Antiretroviral Therapy

Antiretroviral therapy is a way of combating the most common retroviral disease, HIV/AIDS. The key to understanding how antiretroviral therapy works is to look at the life cycle of a retrovirus. By interrupting various stages of the retroviral life cycle, the spread can be controlled and the lifespan of the host can be significantly increased.
  1. What Is a Retrovirus

    • A retrovirus is a virus that uses RNA to insert itself and replace the DNA of the host cell with its own DNA using an enzyme known as the integrase enzyme. By inserting its own DNA into a cell, the cell goes on to produce new retrovirus that go on to infect other cells.
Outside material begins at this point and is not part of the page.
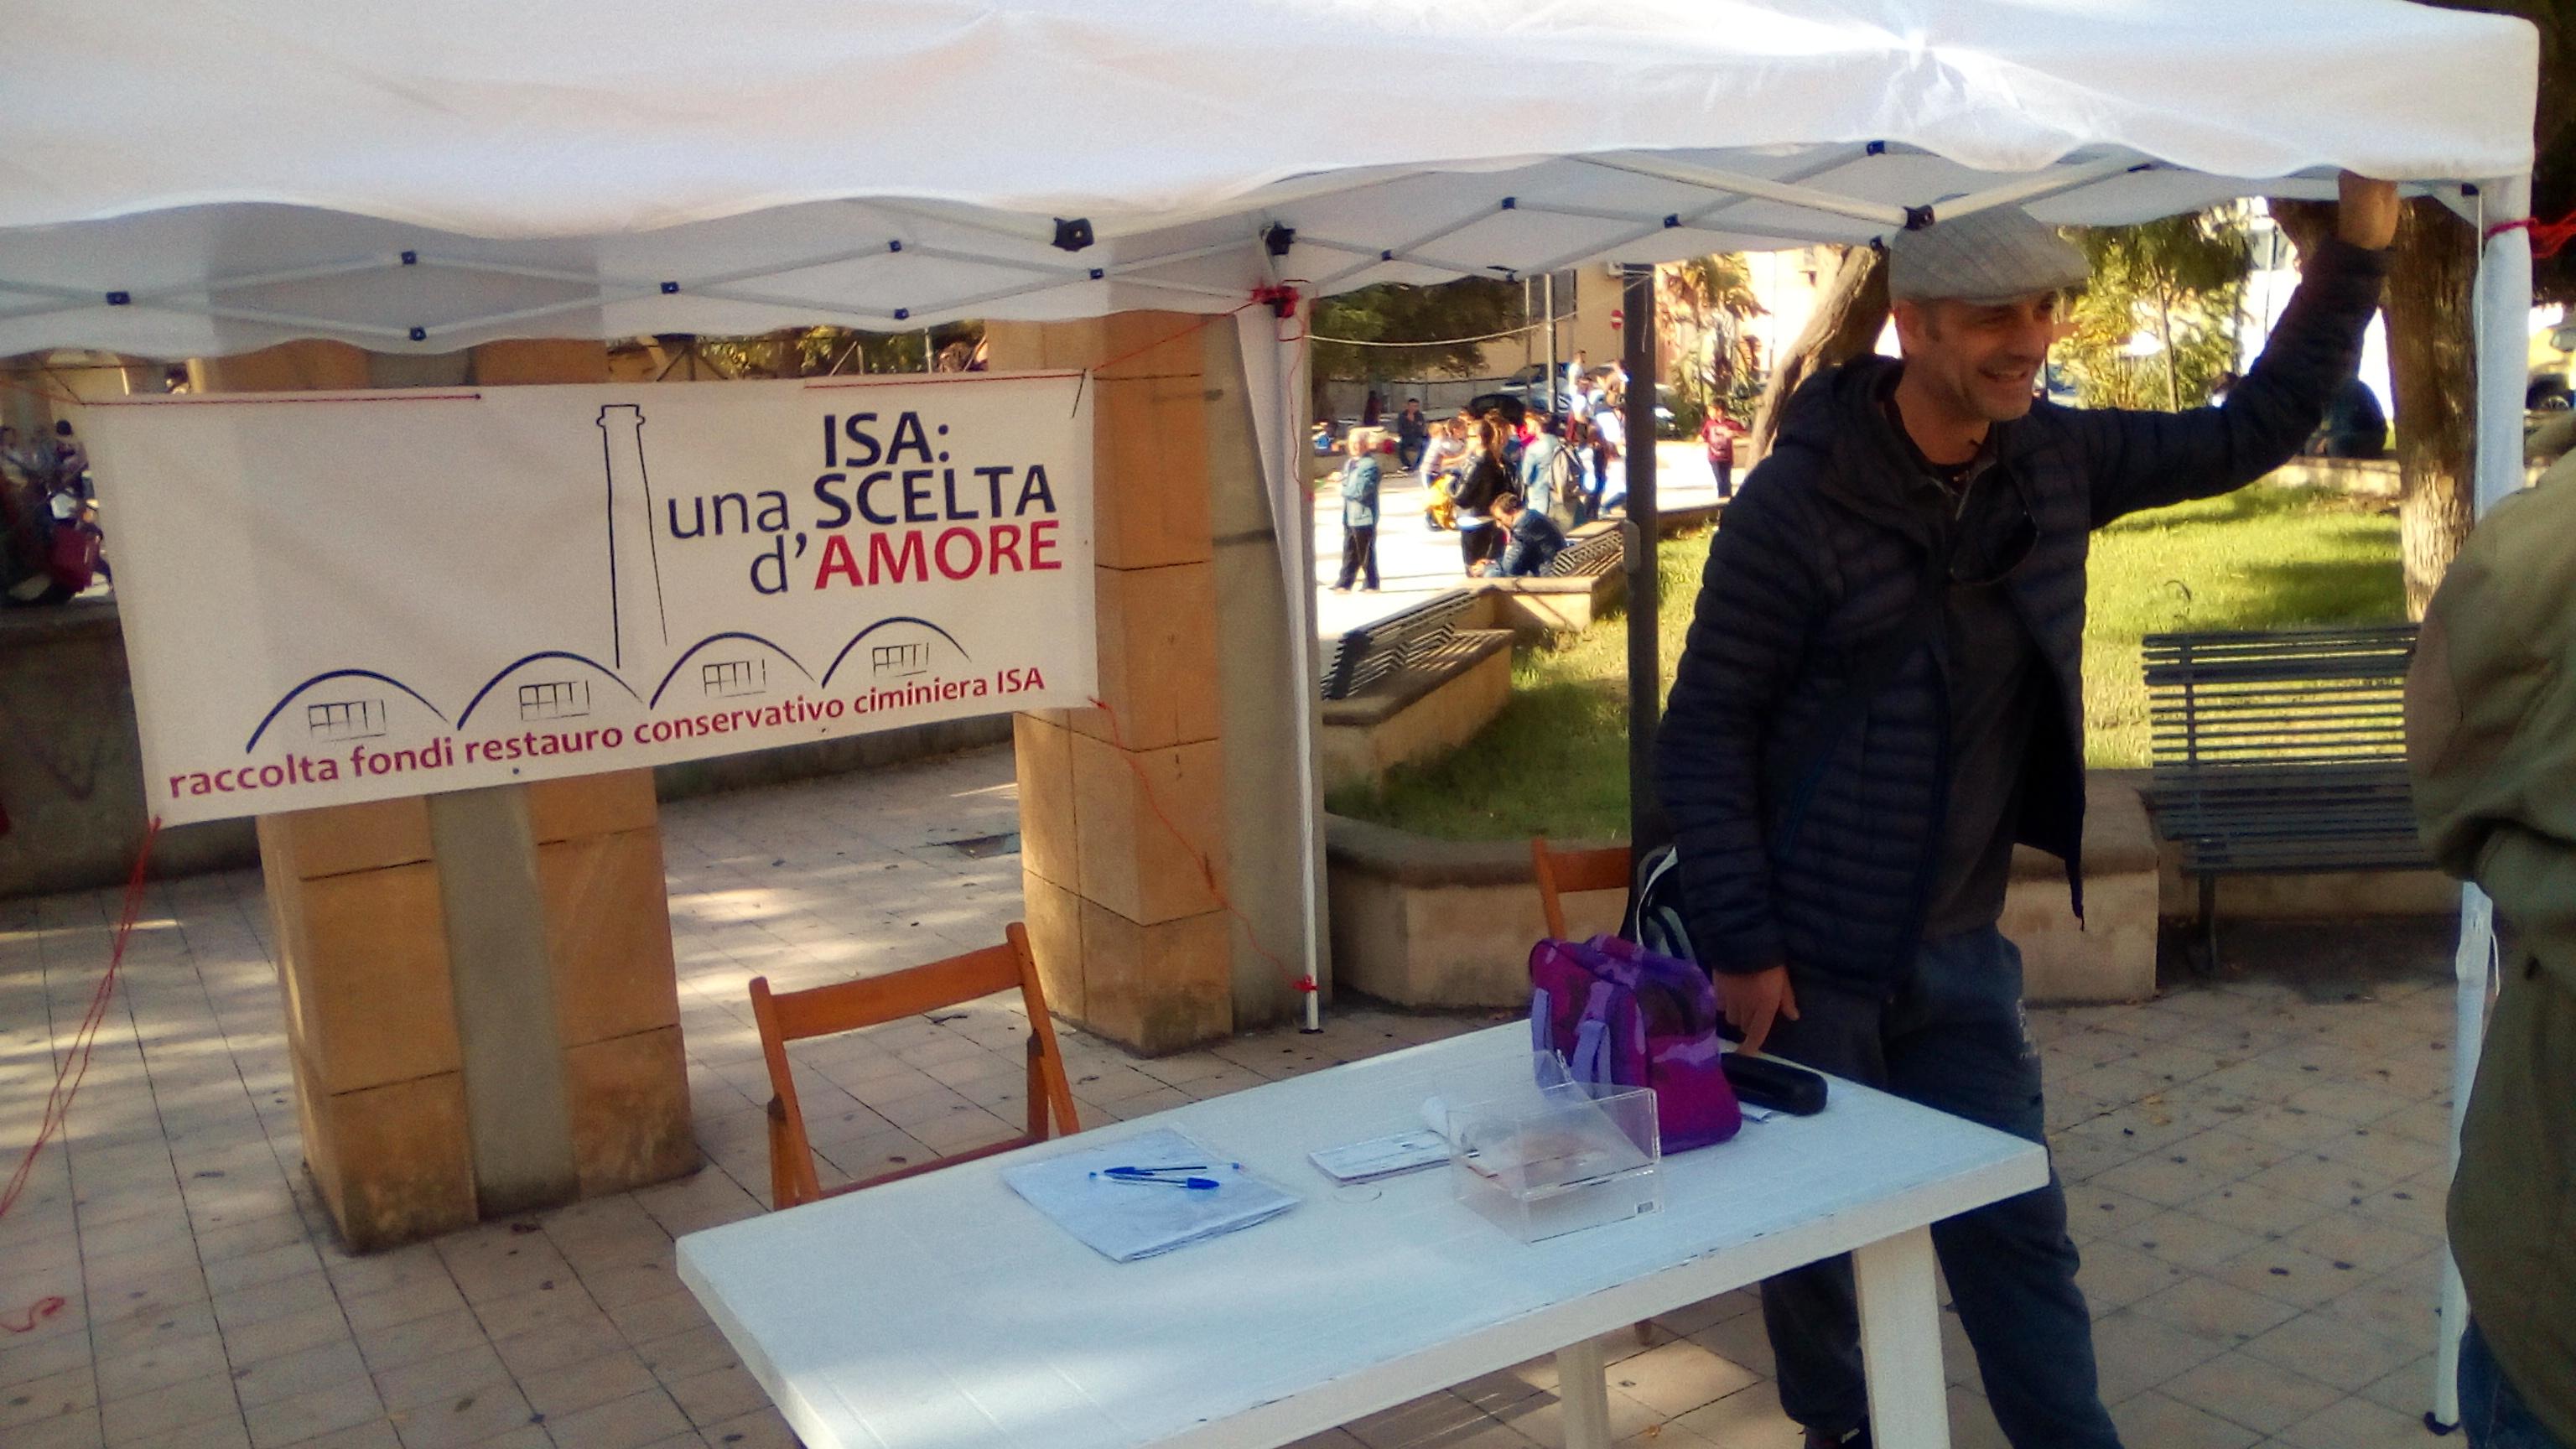 Si e' tenuta anche stamane a Villa San Giovanni (RC), la raccolta fondi per il restauro della ciminiera ISA - Messina Magazine

    Lifecycle of the HIV Virus

    • An infection of the HIV/AIDS virus begins with the virus being transmitted to the blood stream of the host. The virus attaches to a cell wall and inserts its contents into the cell. The HIV cell inserts its RNA into the host cell and, via an enzyme known as the integrase enzyme, replicates the HIV virus DNA in the cell. As the infected cell reproduces, it creates the material for the formation of new HIV viruses. That material begins to form as a new retrovirus and eventually pushes its way out of the host cell. As the immature cell breaks free of the host, the protease enzyme creates a new virus.

    Antiretroviral Drugs

    • Antiretroviral drugs work by interrupting various steps of the HIV/AIDS life cycle. The goal is to either prevent the virus from reproducing or to decrease its lifespan to prevent the manufacture of new retrovirus.

    Types of Drugs

    • There are five general types of antiretroviral drugs. The first type is nucleoside reverse transcriptase inhibitors (NRTI), which are sometimes called nukes. They work by stopping the retrovirus from creating DNA based on its own RNA. The second type uses a different way of achieving the same goal. These drugs are called non-nucleoside reverse transcriptase inhibitors (NNRTI), or sometimes non-nukes. A third type of antiretroviral drugs are protease inhibitors. Protease inhibitors block the creation of material that will eventually become the building blocks of a new retrovirus. A fourth type of newer antiretroviral drugs are entry inhibitors. These drugs stop the retrovirus from entering the cell. The fifth, and newest, type of antiretroviral drugs is the integrase inhibitor, which prevents the retrovirus from inserting its genetic code into host cells.

    Combination Pills

    • In many cases, several antiretroviral drugs are required to control an infection. To facilitate this, drug manufacturers produce some standard combination antiretroviral pills that contain different types of antiretroviral drugs. However, doctors are still free to try different combinations and ratios of drugs in cases that don't respond well to existing combination pills.